Maxima Basu is an Indian fashion designer, actress and director. She was the assistant director of Oscar-winning film Slumdog Millionaire (2009). She has designed for popular Bollywood films like Ram Leela (2013), Bajirao Mastani (2015) and Dangal (2017), which became the highest grossing Indian film of all time, replacing senior designers Rushi Sharma and Manoshi Nath. She won the Filmfare Award for Best Costume Design in 2016 for Bajirao Mastani. She worked in Bajirao Mastani and Ram Leela as a team with designer Anju Modi, both shared 4 wins and 2 nominations jointly. Later, Maxima worked alone for Dangal.

Personal life and education 
Maxima is named after Russian novelist Maxim Gorky. She belongs to a Bengali-speaking Basu family residing in Delhi. She is an Alumna of Kalindi College, Delhi University. 

After her first marriage ended in a divorce, she married her second husband Prashant in an intimate Hindu wedding ceremony held in Kanpur. The couple met on a film set, where Prashant worked as an Art Assistant.

Career
She made her debut with Slumdog Millionaire (2009), in which she designed costumes and assisted Danny Boyle, who earned the Academy Award for Best Director for the film. Later, she switched to designing costumes with 2013 blockbuster Goliyon Ki Raasleela Ram-Leela. Director Sanjay Leela Bhansali gave her the chance. He later repeated her for his next venture Bajirao Mastani. She was applauded nationally. Sanjay, Priyanka Chopra, Deepika Padukone and Ranveer Singh was all in praise for her dresses on their characters.
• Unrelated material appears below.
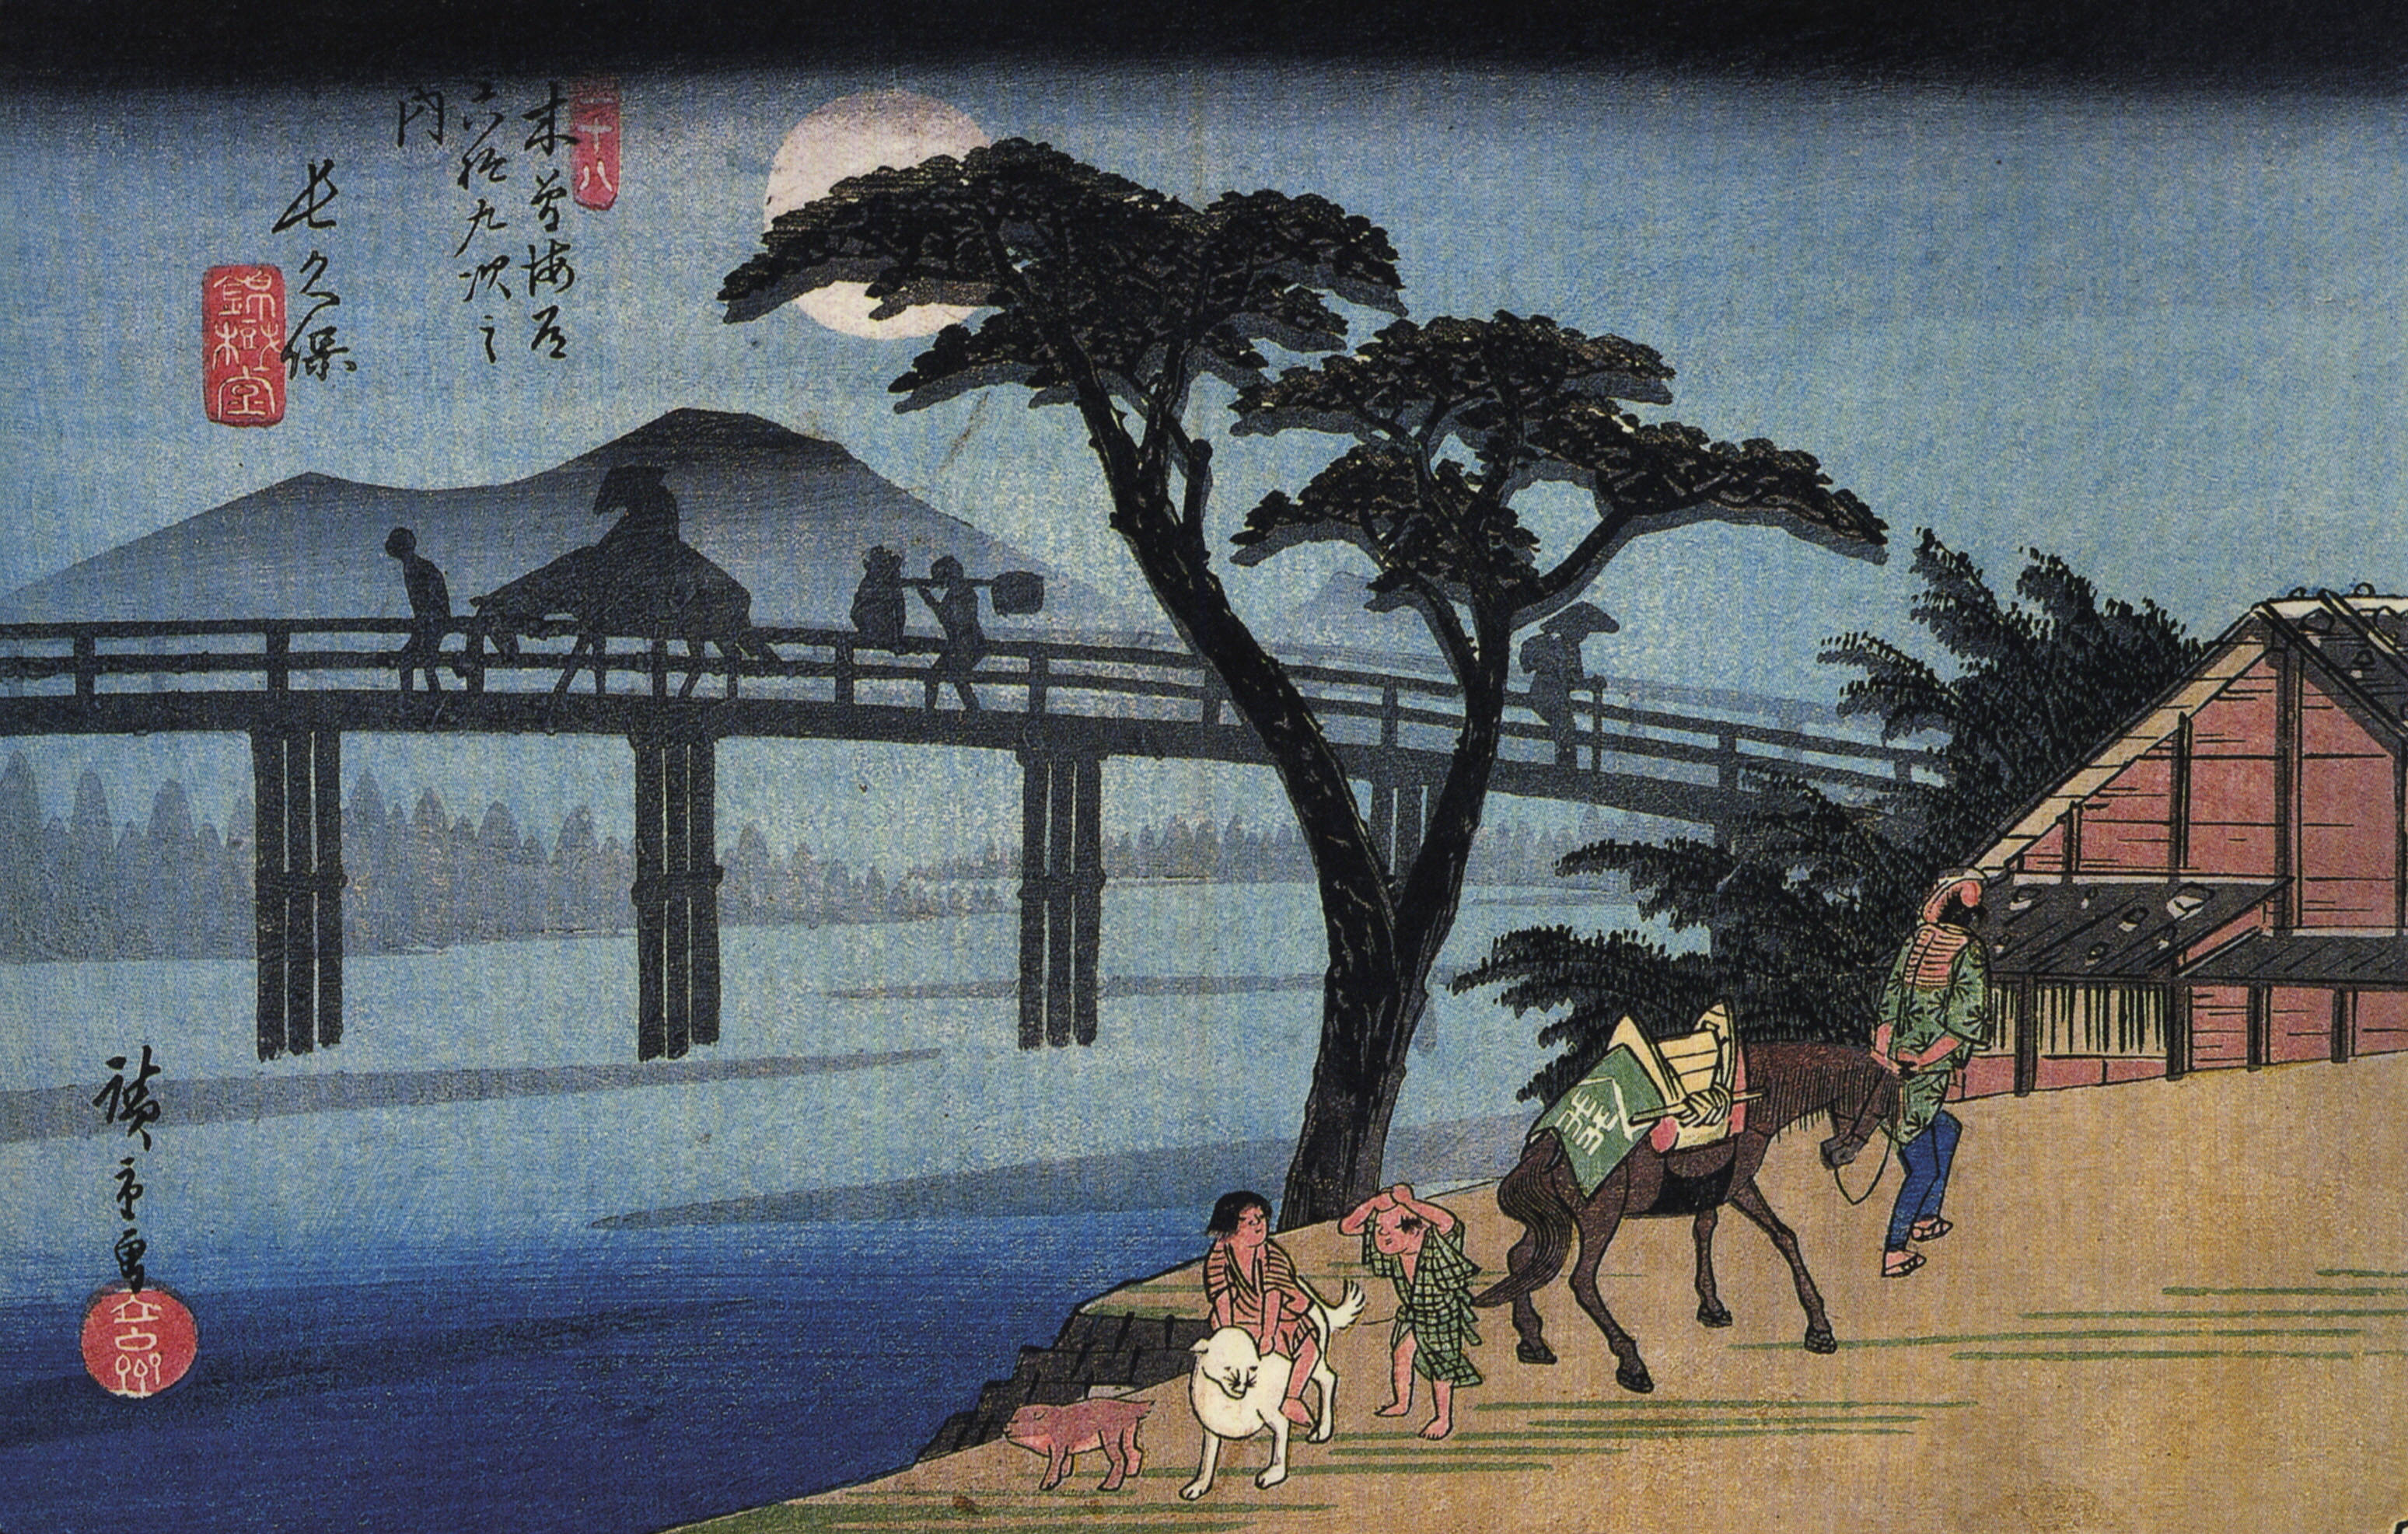 Mann auf Pferd beim Überqueren einer Brücke by  Hiroshige - 1834-1842 - 18.3 x 25.6 cm Library of Congress

She earned the Filmfare Award for Best Costume Design in 2016 for the film. In 2017, she worked in two films : Bank Chor and Dangal, the latter being the highest grossing Indian film of all time. In 2017, popular designers Manoshi Nath and Rushi Sharma were scheduled to design dresses for Dangal, the highest grossing Indian film of all time. But co-producer Aamir Khan replaced them with her, giving the reason that they charged too much money for the film's budget. The film earned her second Filmfare Nomination.

Filmography

Costume Designer
 Eclipse (TV series) (2021)
Laal Kaptaan (2019)
 The Elder One (2019)
Kalank (2019)
Raazi (2018)
Padmaavat (2018)
Bank Chor (2017)
Raabta (2017)
Dangal (2016)
Bajirao Mastani (2015)
Goliyon Ki Raasleela Ram-Leela (2013)
Peepli (Live) (2010)

Actress

Ship of Theseus (Nurse) -- 2012
Peepli (Live) (TV reporter) -- 2010

1st Unit Director/Assistant Director

 Ship of Theseus (Segment - Aida's Story)

Miscellaneous

Slumdog Millionaire (Assistant : Director)

Awards

References

External links
 

Living people
Fashion stylists
People from West Bengal
Indian women fashion designers
Filmfare Awards winners
Year of birth missing (living people)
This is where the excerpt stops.